Feeding Your Mind

Some of the News that’s Fit to Read

RSS Feed IconNews is what you make of it, and not all that’s written is worth reading. Much of the initial reasoning behind this blog was to capture something of the illogic in what passes for news, to question assumptions entrenched in the public domain. Of course that leaves me well open to criticism of my own position, but it’s a risk worth taking if I want to encourage others to re-think and see things again, in different ways. So I’m extending my efforts now to other voices, those saying things that aren’t often heard in precisely the same way.

I’ve always included links to other sites – some deliberately silly, others very serious, most somewhere in between – in the sidebar to offer alternatives and compliments to what I write about. They’ve now been joined by a small selection of news feeds.

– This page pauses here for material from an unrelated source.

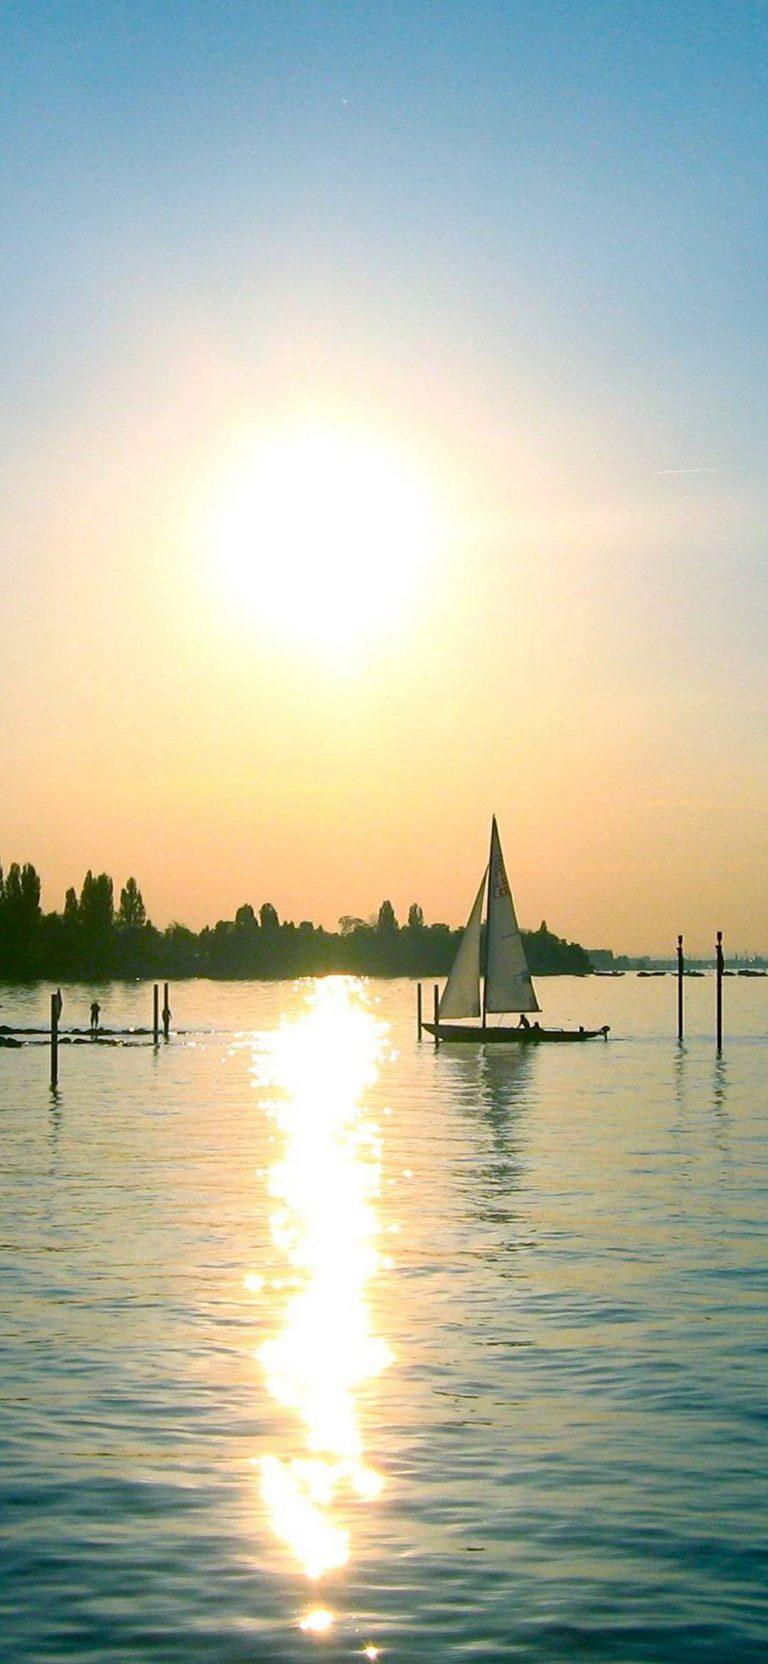 Sunset The Sailboat 1080x2340 768x1664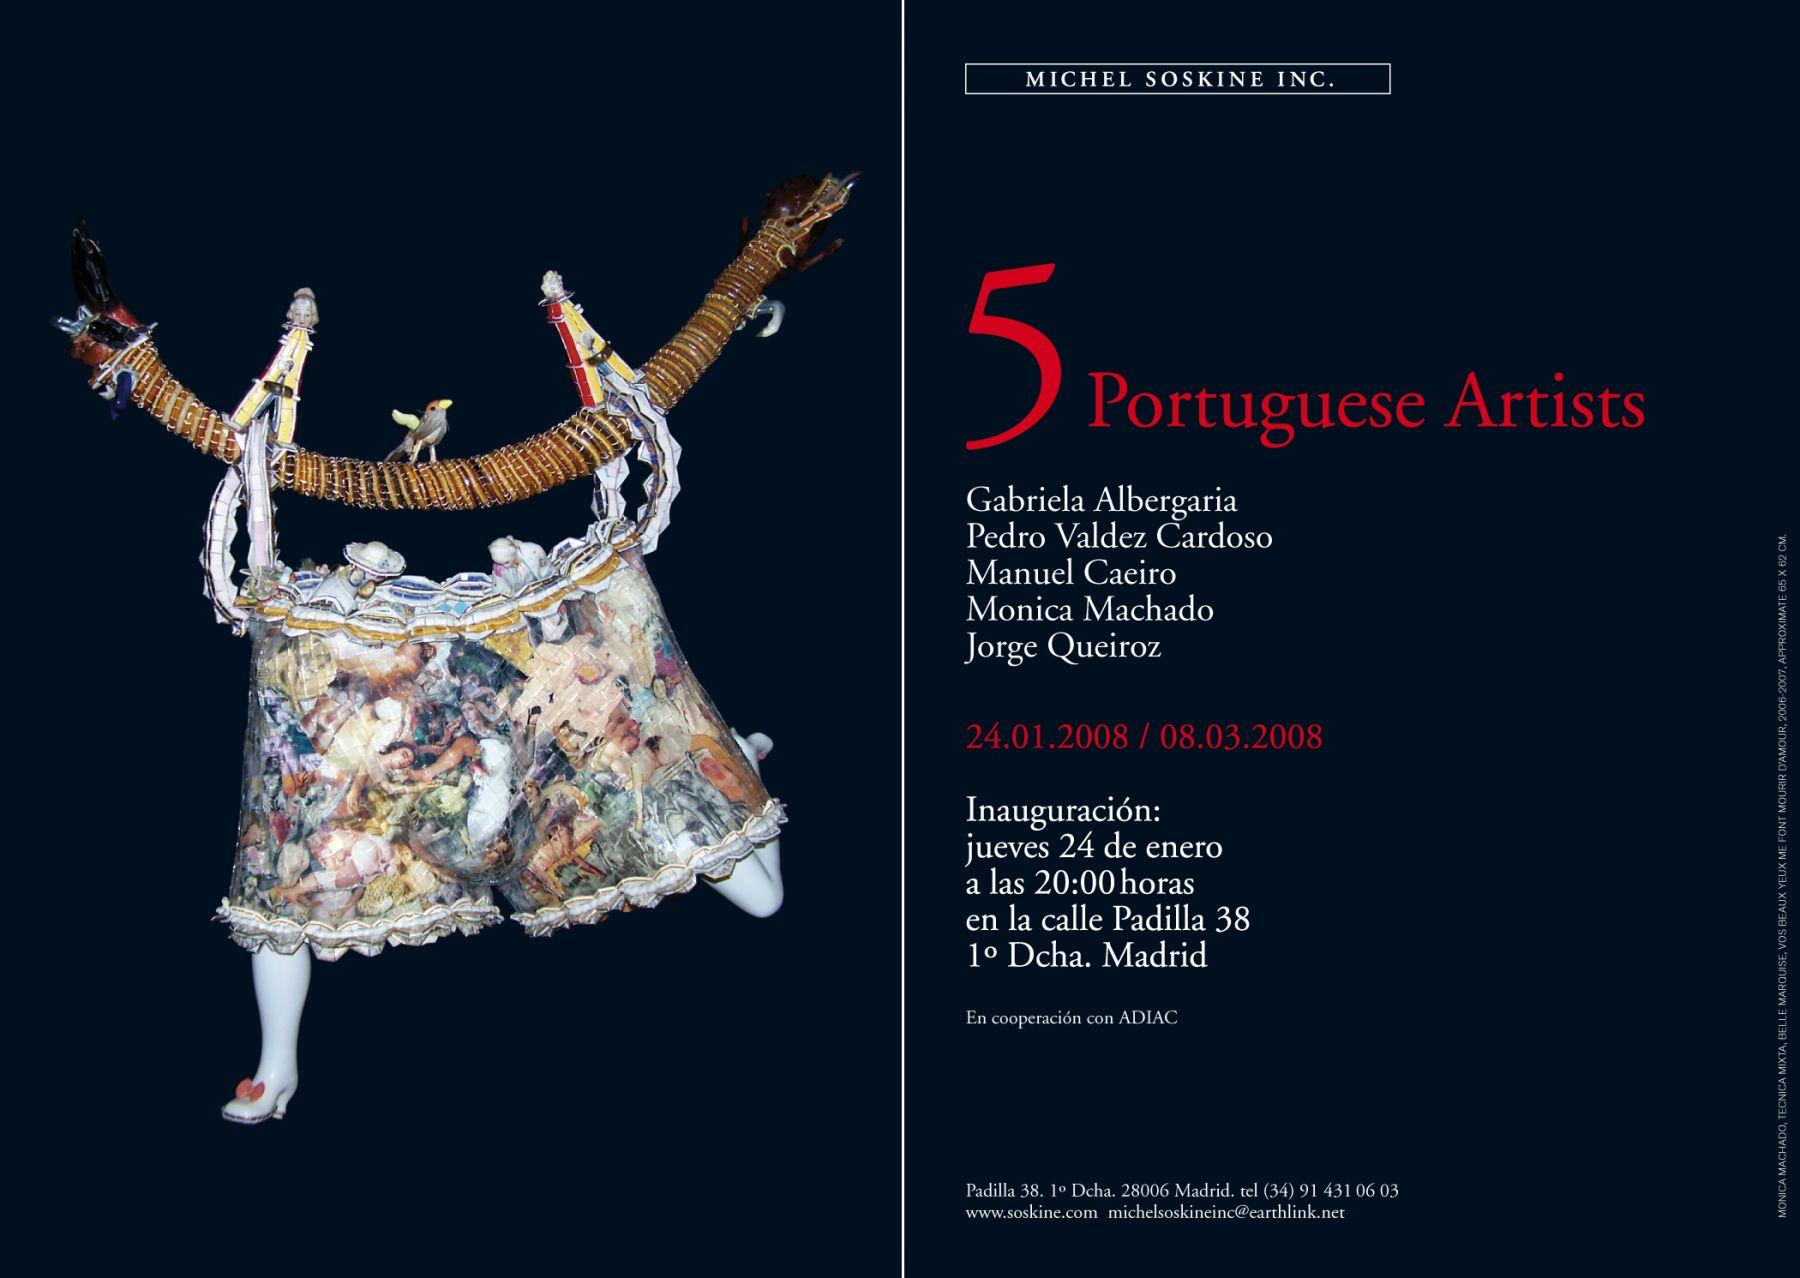 5 Portuguese Artists

If you look towards the bottom of the sidebar you’ll see three new text boxes, carrying what are usually called RSS feeds. There’s some debate about what RSS stands for – Internet development is often so rushed that no-one really pays attention to who names what, and less-than-helpful abbreviations abound. It could stand for Really Simple Syndication, or for Rich Site Summary. But it’s probably just as easy to think of yourself as reading some stuff that comes to you, rather than having to look for it every day.

That’s why people say they subscribe to feeds. It’s just like subscribing to a newspaper. Using a specifically designed reader or your usual web browser, you can grab the latest changes from many websites, including this blog, in full or just as headlines. I’m doing much the same in the sidebar here.

I’ve subscribed to five headlines per box to offer a glimpse of how human rights are being violated, the development and defence of democracy, and what happens to intellectual property rights when they’re shared. If you click on the links you can read the full articles. Alternatively, just click on the heading of a box to visit the respective news page.

To start things off, I’ve included feeds from Human Rights Watch, the independent American news production Democracy Now! and Creative Commons. All three organisations are very important because they defend freedoms, ranging from the more obvious to the less observed. If, to give a quick example, you’re interested in what Creative Commons is doing to overcome the sneaking restrictions of copyright, just read the box at the very bottom of the sidebar. Maybe you can do something about it too.

Diversity, by Chris Keegan, with Creative Commons licenceAs time and available feeds allow, I’ll add more boxes to cover the widest range of news possible. You may be not be interested in all of it, but sometimes you might be surprised. I’m currently looking for an intelligent news feed on comics, because even the funny books can carry messages worth reading, new things to learn, and provocations to unlearn. I also have my eye out for a general culture and society feed that doesn’t just focus on America, or on other parts of what we usually call, for no other reason than convenience, the ‘West’.

The world is a big place, and it’s ever worth remembering that we’re not all the same.